**To do:** Please transcribe only the lines from the one holding "ANNUAL REPORT 2007" through the final line of the data, both included, with no pictures.

**Dataset extract:**
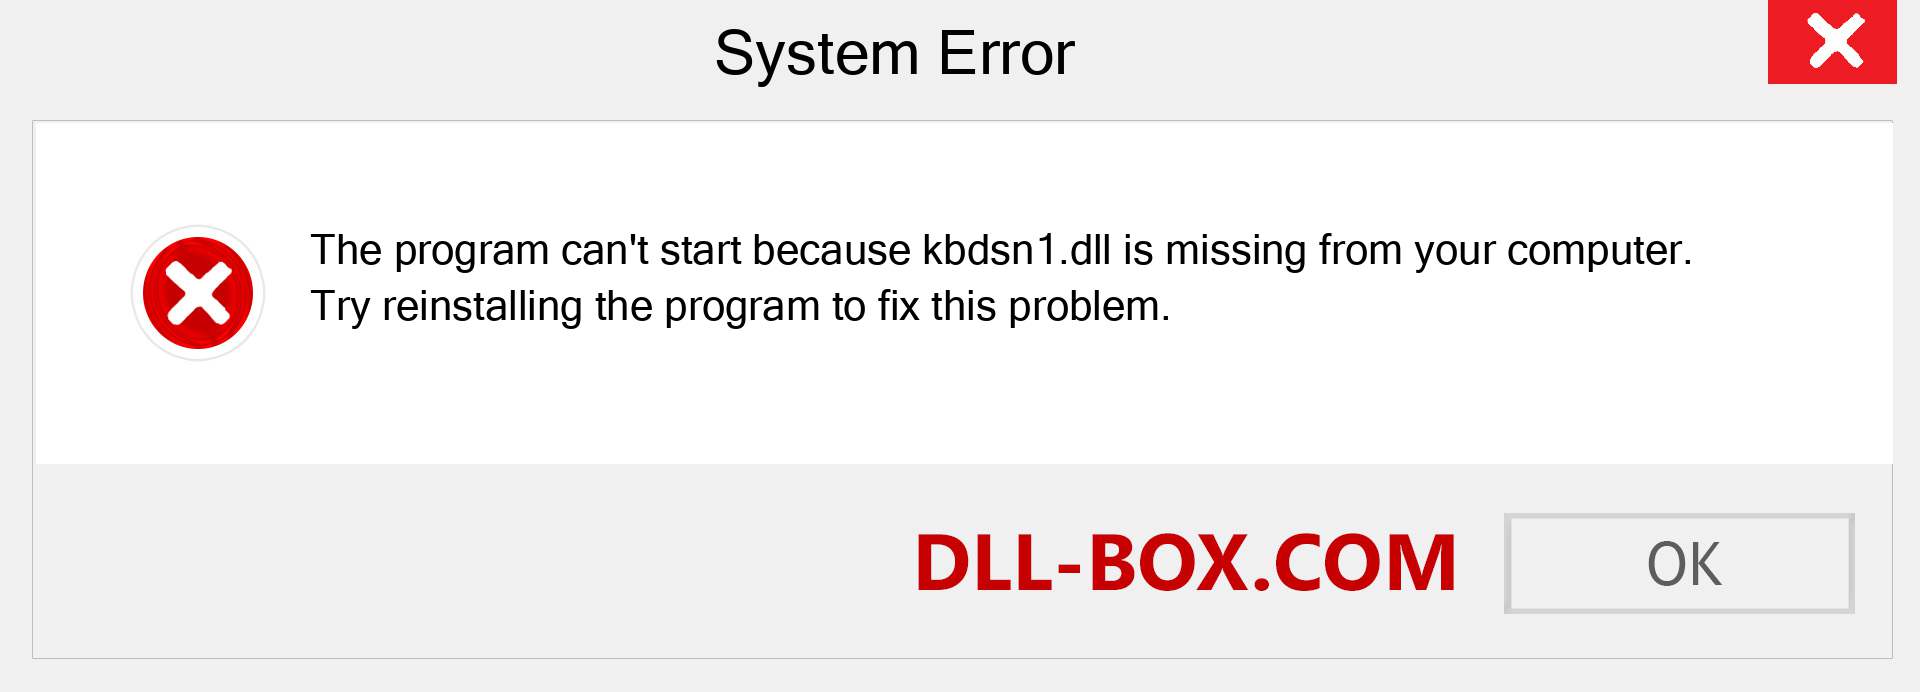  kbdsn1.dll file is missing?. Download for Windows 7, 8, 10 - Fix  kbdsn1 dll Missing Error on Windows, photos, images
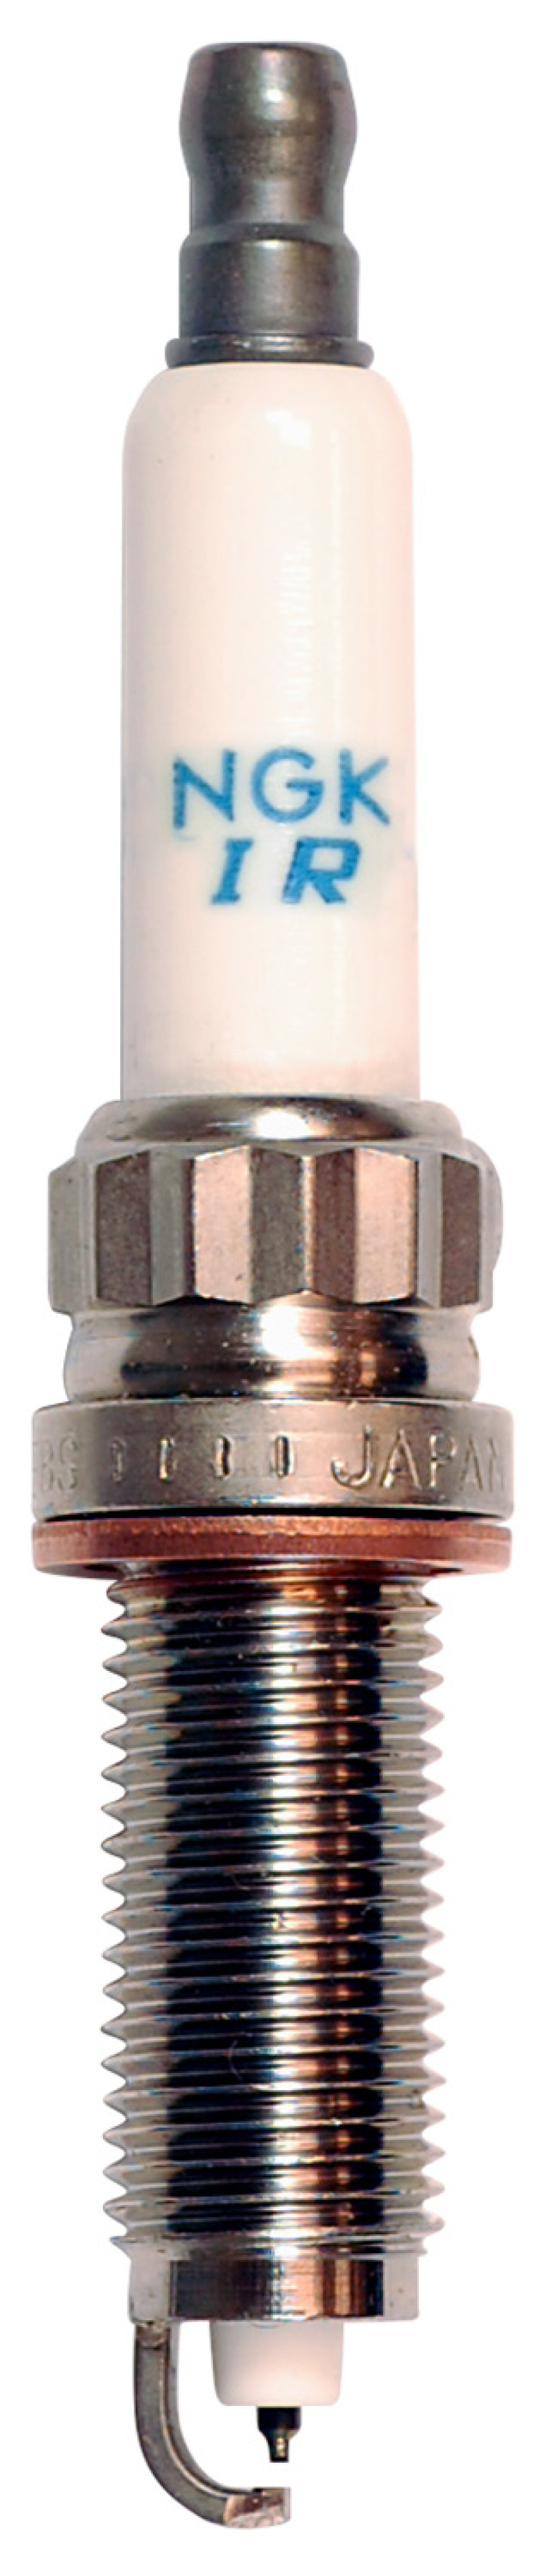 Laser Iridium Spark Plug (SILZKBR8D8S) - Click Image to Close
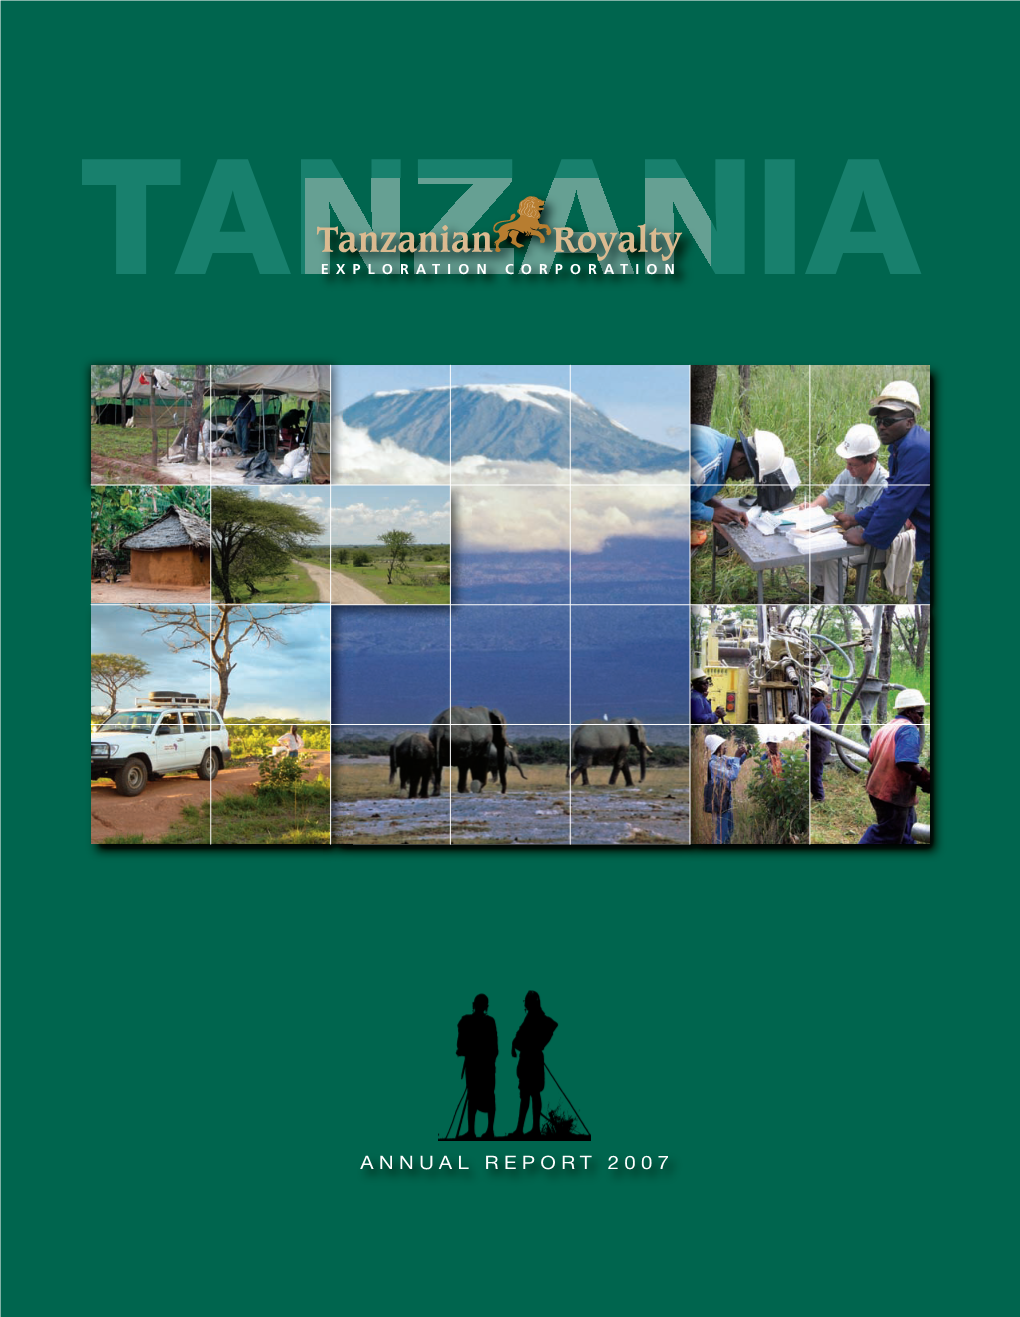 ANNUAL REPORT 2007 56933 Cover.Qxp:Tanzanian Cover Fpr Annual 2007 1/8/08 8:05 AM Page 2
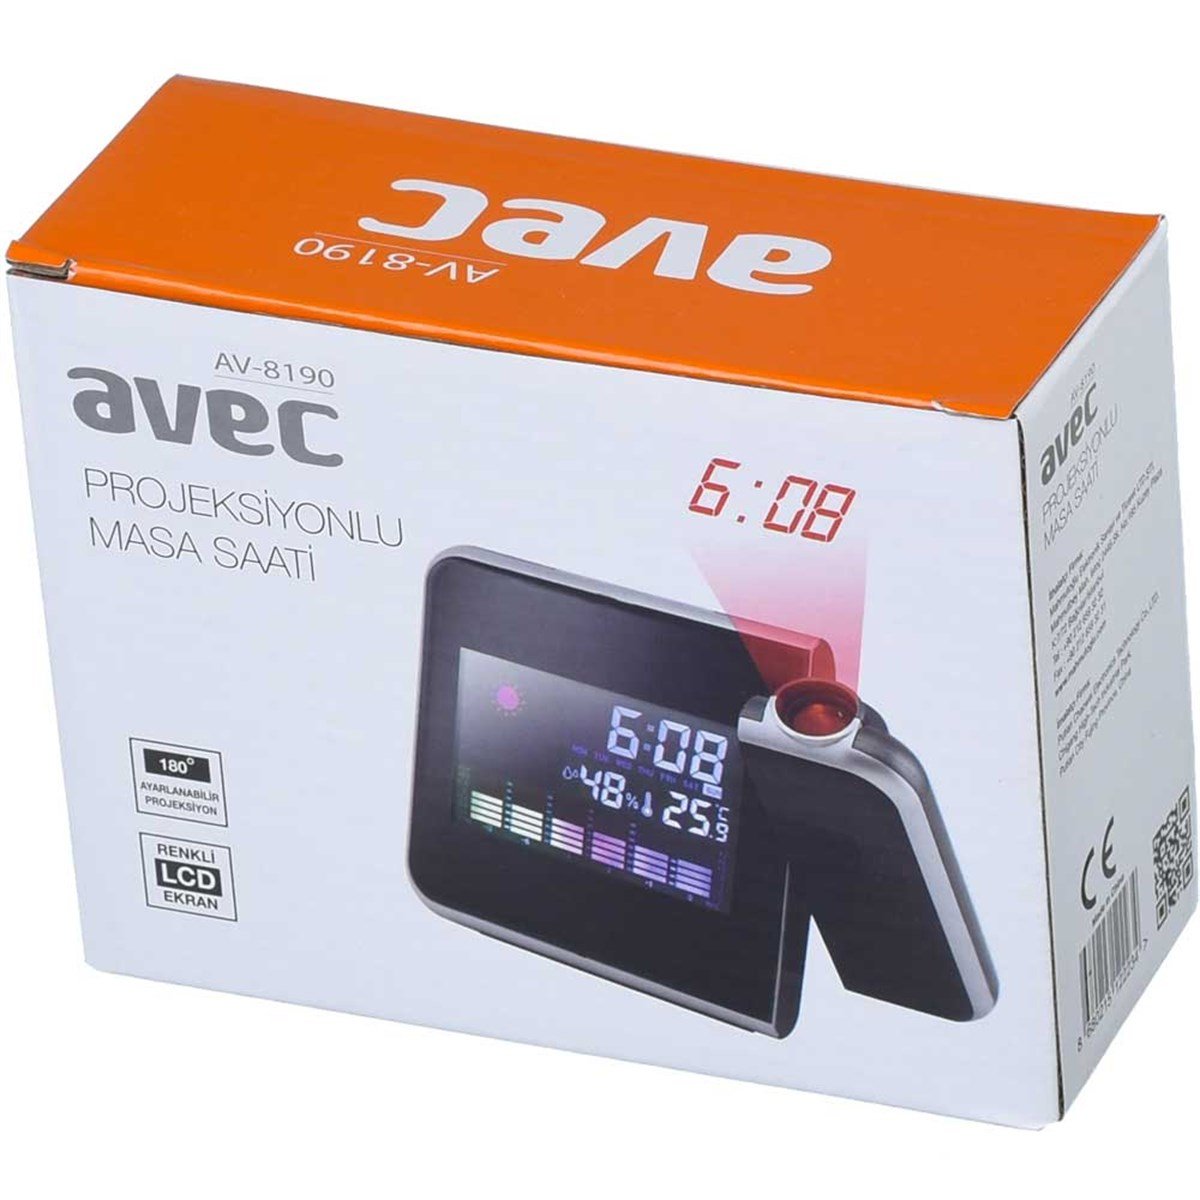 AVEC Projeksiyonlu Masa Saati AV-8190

**Your solution:**
 ANNUAL REPORT 2007 56933 Cover.Qxp:Tanzanian Cover Fpr Annual 2007 1/8/08 8:05 AM Page 2
 AVEC Projeksiyonlu Masa Saati AV-8190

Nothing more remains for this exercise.